I ended up expecting a line of values after a comment and a line of codewords after that, if it’s not a comment. I’ll write exceptions to those rules for the few blocks of lines that behave differently.
Here’s my code: https://pastebin.com/ghSpZtjk

It highlights the PCR files I tested quite well, but I have two small issues:

  1. I’d like to have codewords in a different color when they are equal to zero. At line 58, I made a match for {{null-number}} (defined at line 9), but it doesn’t match those values. I tested the regex at regex101 and it seems OK.
  2. I made an exception to the generic-block (called atomic-content-block), that should match the comment lines starting with !Atom and the lines after that, but it matches generic-block instead. If I comment out lines 15 and 16 (that match generic-block), then the atomic-content-block lines are highlighted correctly.
    EDIT: I tried changing the regex at line 15 to (?i)^(?=\!(?!\s*Atom)) or (?i)^(?=\!)(?!\!\s*Atom), so that the generic-block wouldn’t match ! Atom, but that doesn’t seem to word either.

Any ideas on what could be the source of those problems?

Thanks.

0 Likes

#23

I’m not entirely sure I have the whole file, but I tried what you put on pastebin. At the end of the file though it has ... which makes me think maybe there was more.

Anyway, looking at that Rutile/Anatase file you provided earlier, it does show a great deal of scoping so that’s good. It might be useful to you to either write a little command to print out the scope at the point and then bind it to a keystroke, or there is a plugin called ScopeAlways that you can toggle on and it puts the scope at the point in the status bar. (I prefer my own because the status bar has kind of tiny text and my eyes aren’t fantastic – I’ll include it at the end of the post just for reference; it’s quite basic and easy.)

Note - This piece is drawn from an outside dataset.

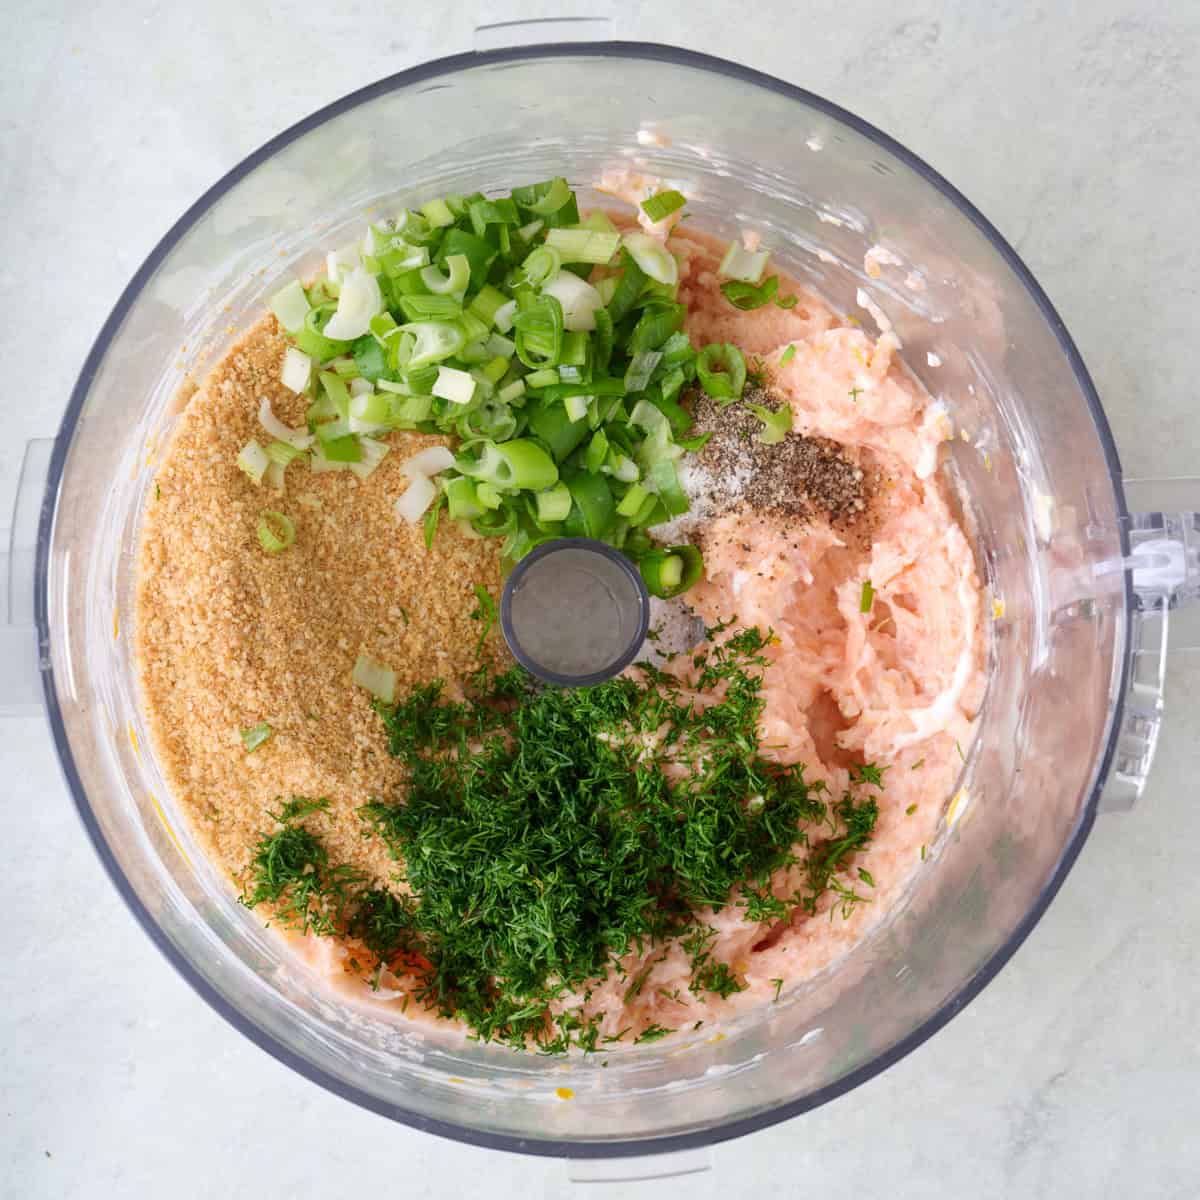 Salmon mixture, dill, scallions, and breadcrumbs in the bowl of a food processor.

So, I’m not entirely sure, but I think perhaps the issue you’re having is due to the fact that your blocks have no closing aspect to them. It looks like your end-block context is trying to forward look to a comment character. I don’t think that’s working, and so you never pop a context off the stack. For example it looks like you’re trying to trap the !Atom line and create a context on that. If you move the cursor a little past Titanium into empty space, you’ll see the scope stack still reads:

vhdl-mode: source.pcr meta.generic-block.pcr meta.generic-line-values.pcr 

(Ignore the vhdl-mode part, that’s simply because the scope sniffing utility is in my VHDL language package and I make sure any console output that comes out of my package is tagged with the name.)

Once you are in a context, it’s not scanning for everything else (usually – there is a method for prototype but use that with caution because it takes precedence over everything. It’s good for comments though).

Also everything works on a first-come-first-served preference. So if you match your generic block first, it’s not looking for your atomic block.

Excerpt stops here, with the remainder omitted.